After DH rescued the girls from their drunken useless mother, DH and I had to figure out what to do with them. DH had made plans to work on Saturday while I ran errands. We decided it would be best to go about our scheduled plans since he had deadlines he needed to meet and I had already put off our errands for several weeks since we had the girls two weekends in a row before this weekend. We called a sitter, I made the girls breakfast and DH and I let them know that their sitter was coming to take care of them for a couple of hours. You would have thought we were abusing them in the worst way. SD9 kept going up to her "daddy" and asking why she couldn't go with him to the office. She was literally begging him to go with him. This was 9am and DH planned to come home by 1pm. Not to mention we weren't even suppose to have them this weekend. Thankfully he was firm with her (well firm by his standards is saying "Oh I'm sooo sorry sweetie, but I am going to a client and I have staff there. If I was just going to work by myself I would let you come but I can't today...") and she stayed with her sisters and the sitter.

When we returned, I could tell we made a serious error by not establishing a schedule for the weekend. DH had more work to do but planned on finishing at home. Meanwhile my sciatica was acting up and I was trying to rest from over straining myself. I asked him to please make sure they used indoor voices so I could take a nap. This shouldn't be too difficult since they have a game room on the second floor with two tvs, a Wii, a Kinect, a laptop and their iWhatevers. Of course, once I was in my room, all chaos breaks out and they are screaming, running up and down, yelling "daddydaddydaddydaddy" every 5 seconds, trying to get him to buy them stuff. I sent him a text to please quiet it down. I understand they are children, but ages 9 and 11 are well old enough to not yell inside the house. Trust me. It was ridiculous. They are quiet for about half a second before the raucous starts up again and I realize I will not be getting any rest.

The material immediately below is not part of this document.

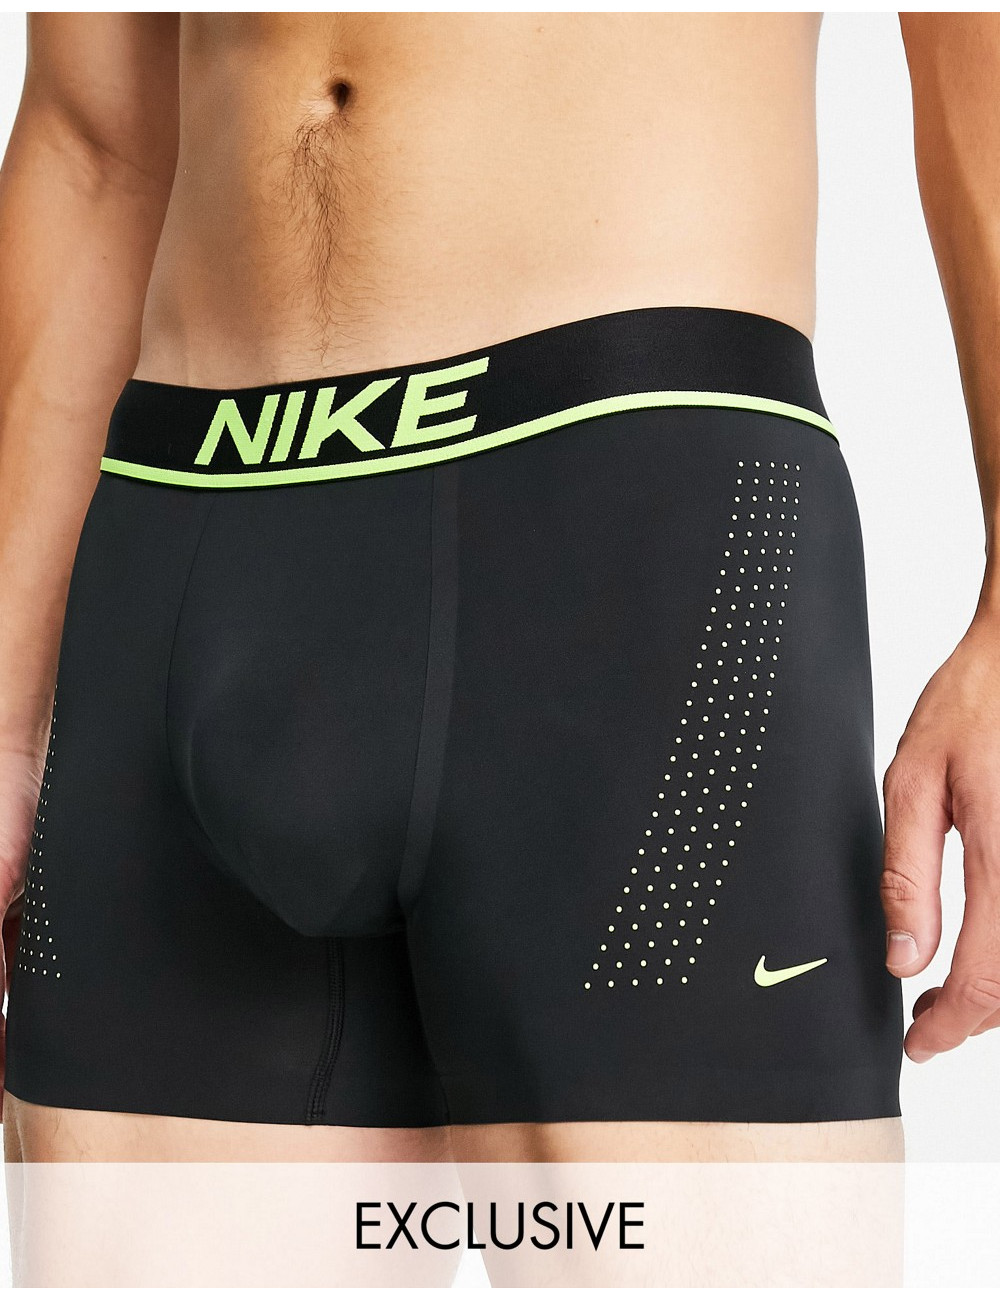 Nike Elite Micro trunks in...

I got up and started doing more things on my to do list, namely some projects that I volunteered to do for my baby shower. They are both all over me asking to help, so I let them. They continue to yell for either my or DH's attention. Eventually DH asks me what I want to do about dinner. Again, we didn't plan on feeding 5 people this weekend so we had no meal options in our fridge. Our options at this point were to order in or one of us go to the grocery store. However, before I can answer, both children start yelling out their requests for dinner "Oh get Dominoes and get the cheesy bread!!!" "No Daddy! Get Pizza Hut so I can have the wings!!!!" OMG. I have told DH so many times he needs to tell them to keep their traps shut when the adults are speaking but he continues to ask me questions right in front of them. This over-the-top overwhelming continued into the night until I finally took a drive by myself to clear my head.

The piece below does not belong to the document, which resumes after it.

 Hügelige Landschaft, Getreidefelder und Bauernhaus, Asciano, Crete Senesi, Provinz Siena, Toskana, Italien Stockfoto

When I came back, DH quieted them down and I went to bed. When he finished putting them to bed he came in and told me "Don't worry. We will never go for custody because you clearly don't like them and this isn't a good way for them to be raised either." At this point we were both fed up and had a heated discussion on how his children have no boundaries and how he refuses to parent them vs. how I don't know what it's like to be a divorced parent and how he feels bad for giving them such a shitty mother. His solution was for him and his kids to just go away for the weekend when he has them so I don't have to deal with him, which I pointed out is not parenting, its just rewarding them for their crazy behavior. We went to bed shortly after it was apparent we were not going to come to an agreement.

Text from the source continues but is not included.